Neurogenic differentiation 2 promotes inflammatory activation of macrophages in doxorubicin-induced myocarditis via regulating protein kinase D.

Abstract

Background: Although it has been established that protein kinase D (PKD) plays a crucial role in various diseases, its precise role in myocarditis remains elusive.

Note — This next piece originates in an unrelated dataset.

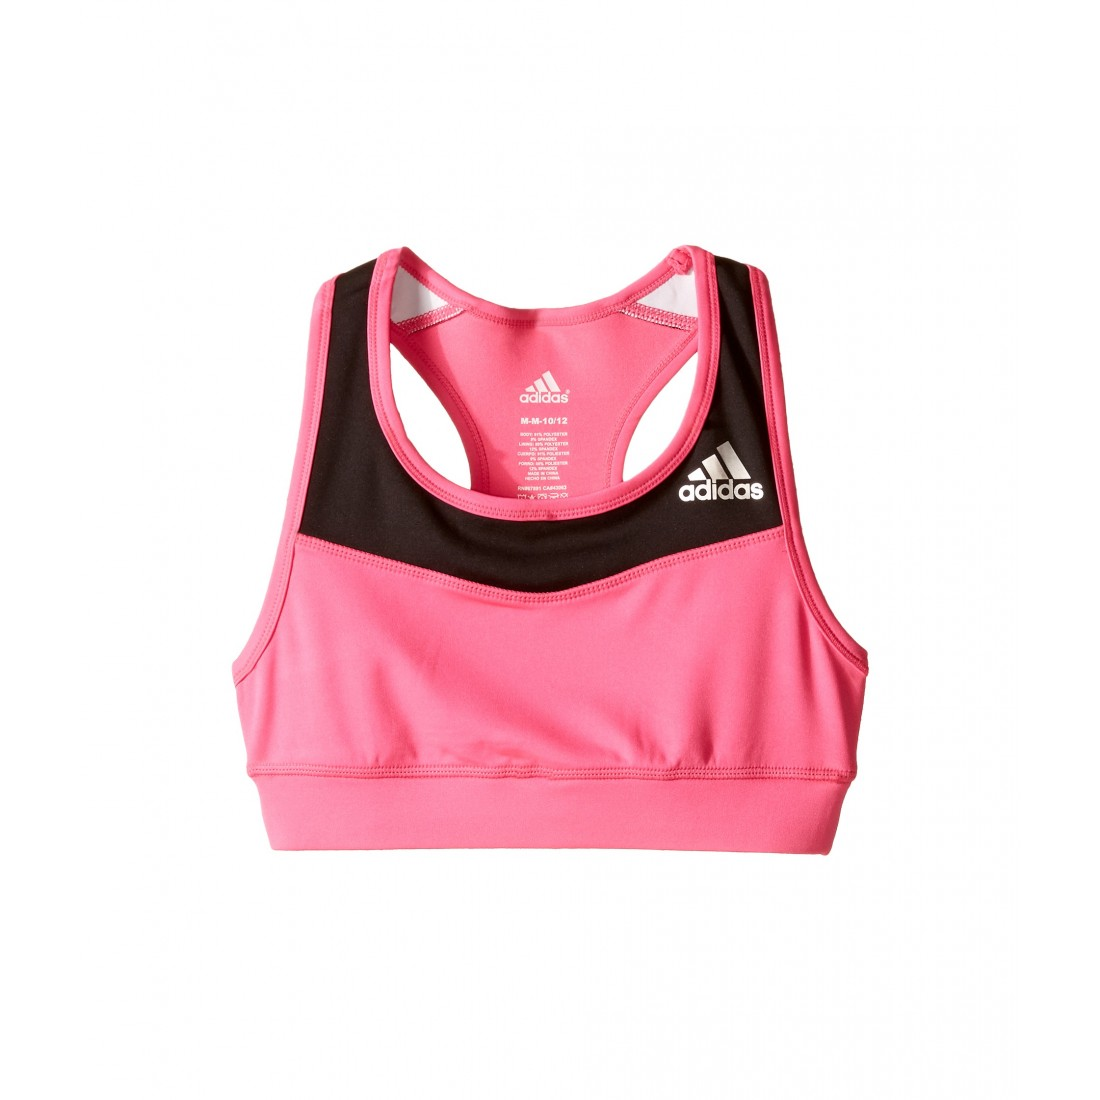 c11a5badfd3 adidas Kids Gym Bra (Big Kids) ZPSKU 8728152 Shock Pink Black

Methods: To investigate PKD's involvement in myocarditis, we established a mouse model of myocarditis using doxorubicin (DOX) to assess cardiac function, observe pathological changes, and quantify inflammatory cytokine levels in heart tissues. Additionally, macrophages were isolated from heart tissues of both control and DOX-treated groups to assess PKD expression and inflammatory cytokines in these macrophages. We explored the molecular mechanism of Neurogenic Differentiation 2 (NeuroD2) in myocarditis by utilizing NeuroD2 overexpression plasmids and NeuroD2 small interfering RNA (siRNA). Furthermore, we conducted dual-luciferase reporter and chromatin immunoprecipitation (ChIP) assays to investigate the interaction between NeuroD2 and PKD.

Results: We observed significant upregulation of PKD in macrophages and heart tissues induced by DOX. The administration of a PKD inhibitor reduced inflammatory cytokine levels, improved cardiac function, and mitigated pathological changes in myocarditis-afflicted mice. Mechanistically, we found upregulated expression of NeuroD2 in both macrophages and heart tissues exposed to DOX. NeuroD2 could directly target PKD, enhancing the NLRP3/NF-κB signaling pathway and exacerbating macrophage inflammation.

Conclusions: Our study demonstrates that NeuroD2 can directly bind to the PKD promoter, potentially promoting inflammatory activation of macrophages in DOX-induced myocarditis via the NLRP3/NF-κB pathway. This suggests that the NeuroD2/PKD axis may hold promise as a potential therapeutic approach for treating DOX-induced myocarditis.